Изучив за долгие десятилетия творчество любимого солиста до тонкостей, видя его насквозь, поклонницы готовы были протянуть ему руку помощи в трудную минуту и на сцене. Здесь они выступали уже в качестве психологов, зная, в какой момент следует кричать «браво» и хлопать, дабы не дать остальному зрительному залу почувствовать, что певец сегодня не в форме, заглушить невзятую им высокую ноту. Когда Лемешев в 1950-х годах пел уже сложную для него высокую партию Фра-Дьяволо, не всегда справляясь с верхними нотами, то нужно было «смотреть не на сцену, а в зал: в каком напряжении были его поклонницы, готовые кинуться ему на помощь в любую секунду! Они знали все его мизансцены, все опасные места в ариях и, если чувствовали его неуверенность в подходе к верхним нотам, начинали заранее кричать “браво!”, закрывая его на всякий случай, если он сорвется. Им нужно было, чтобы он выходил на сцену, этот изумительный артист, они его обожали и, как могли, поддерживали в нем уже угасавшую веру в свои силы, старались продлить его творческую жизнь», — припоминала Вишневская.

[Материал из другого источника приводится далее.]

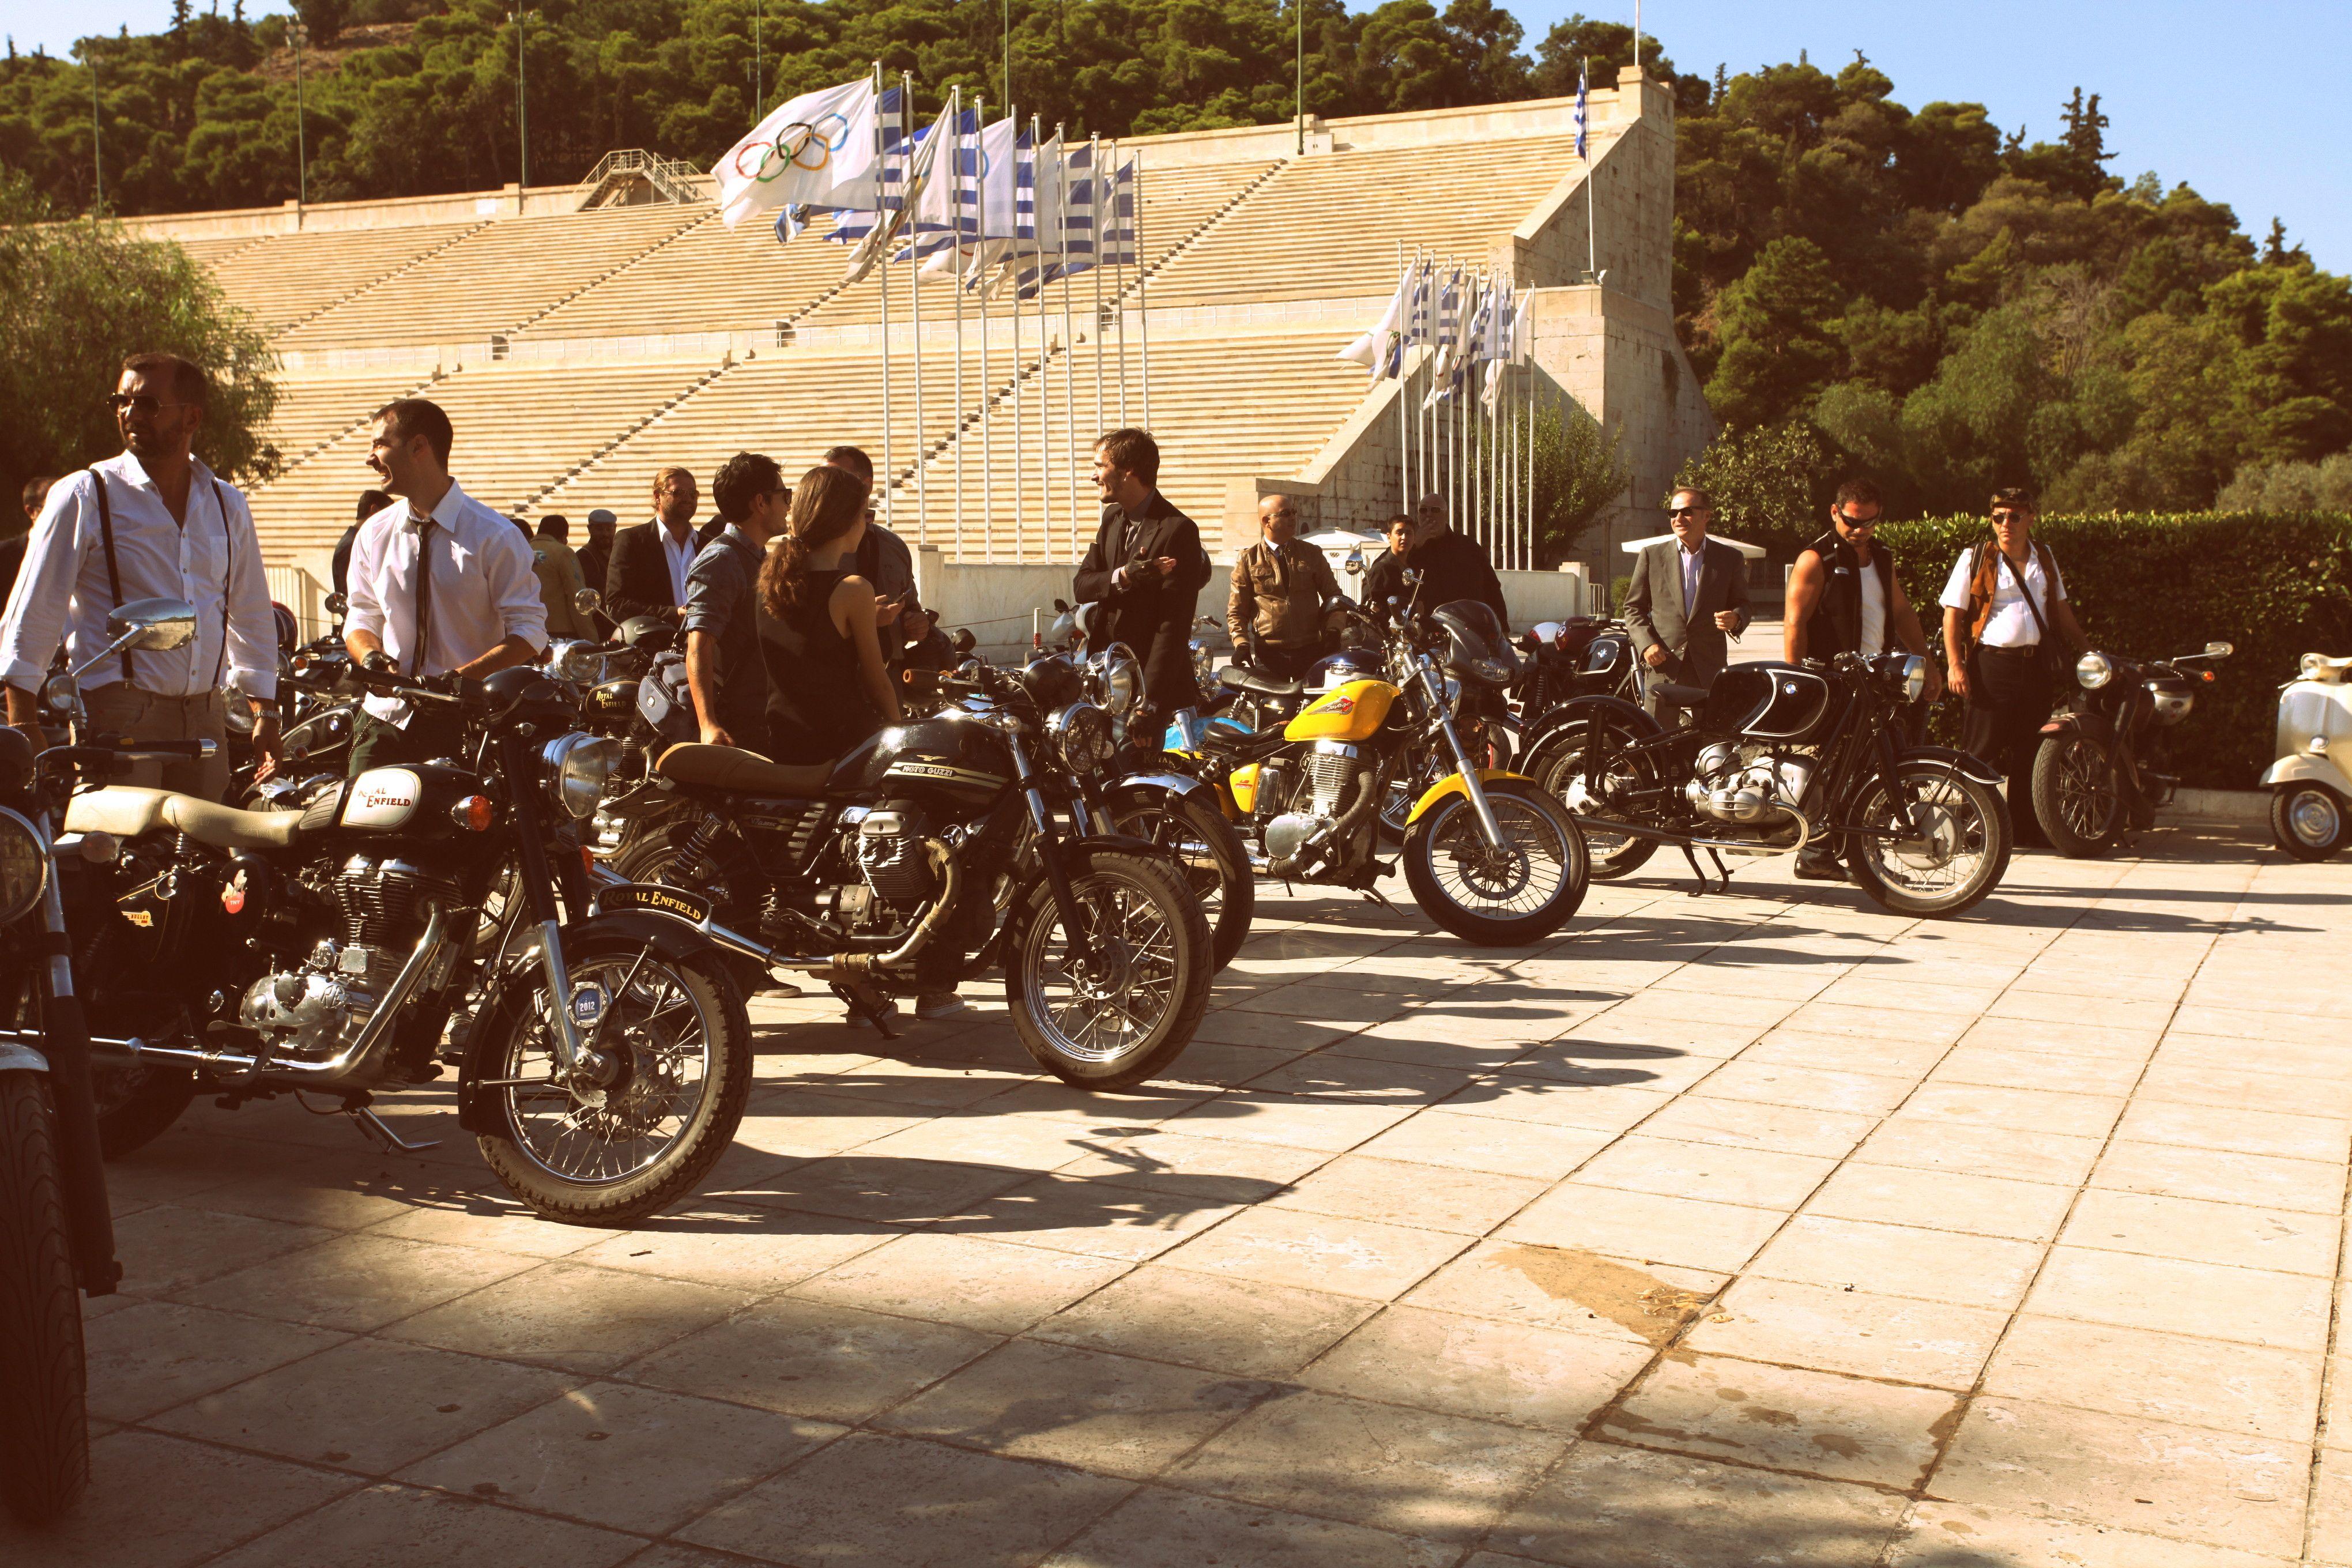 Athens dgr 2013 athens riding vehicles

Ей же он в эти годы признавался, что чувствует приближающуюся старость даже не в собственном отражении в зеркале, а смотря на своих поклонниц: «Я недавно поехал в провинцию на концерт, ну и они, конечно, за мною. А после концерта пришли ко мне в гостиницу, принесли с собой проигрыватель и нашу с вами пластинку. Какая замечательная получилась запись! Весь вечер много раз мы ее слушали, и я разволновался ужасно — вспоминал всю мою жизнь, молодость, любимые спектакли и плакал… И поклонницы мои плакали. А я смотрел на них и думал: Боже мой, как летит время! Вот эту я знаю уже 30 лет, а эту — 20, и какие они уже все старые, и какой же я-то старый…»[108]
Как относилась «прогрессивная общественность», парткомы и комитеты комсомола к проявлениям всеохватной любви к певцам Большого театра? В условиях культа личности одного человека, воспеваемого словно Бог, существование «культиков» личностей поменьше не возбранялось, тем более что у них был свой бог — Аполлон, что восседал на знаменитой квадриге. Любовь к Сталину, обожание Козловского, преклонение перед Лемешевым как-то гармонично сочетались, не мешая друг другу. Тут главное было не задавать глупых вопросов на предмет того, кто кого любит больше.
Иногда все же со страниц центральных газет штатные сатирики могли пожурить несознательных «сырих» за чрезмерное увлечение оперой или балетом. Большую известность получил фельетон Семена Нариньяни «У театрального подъезда», в котором высмеивалось безответственное поведение поклонниц Лемешева и Козловского. Имена самих кумиров в данном контексте упомянуты не были, но любому, даже малосведущему читателю было ясно, кто скрывается под псевдонимами Мантуан Мантуанович, Лоэнгрин Лоэнгринович и Берендей Берендеевич. Героиня фельетона Инна Завьялова не вышла на работу, прогуляв по причине того, что пошла на дневной спектакль «Риголетто» в Большом театре (вообще-то за прогул могли и посадить — времена были суровые, — но фельетон предполагает иронический тон изложения, ничего не поделаешь). За прогул ее поругали товарищи по работе, мама и папа. Через месяц девушка вновь прогуляла и все по той же причине — «Риголетто»! Она могла прогуливать и чаще, жаль, что кумиры ее пели раз или два в месяц и обчелся (голос берегли!).
Фельетонист создает портрет неистовой поклонницы:
«Музыкальные увлечения Инны Завьяловой были весьма своеобразны. Она покупала билеты только в один театр и всегда на одни и те же спектакли. Восемь раз она была на “Фаусте”, десять — на “Травиате”, двенадцать — на “Риголетто”. К концу года Инна входила в дом герцога Мантуанского, как в свой собственный. Ей все было здесь знакомо, от первой до последней ноты. Однако Инна зачастила на “Риголетто” не из-за музыки Верди, а из-за Мантуана Мантуановича. Этим интимным именем подруги Инны называли между собой артиста, который пел партию герцога в опере. Мы не собираемся говорить ничего плохого об этом артисте. Он хорошо держится на сцене, прекрасно поет и достоин всяческого уважения. К сожалению, у Инны это уважение приняло уродливые формы. Инна говорит о Мантуане Мантуановиче только ахами и вздохами. В театре она кричит не “браво”, а “брависсимо” и хлопает в ладоши до изнеможения. В конце спектакля капельдинеры обыкновенно выводят ее из зрительного зала самой последней, когда уже во всем театре потушен свет.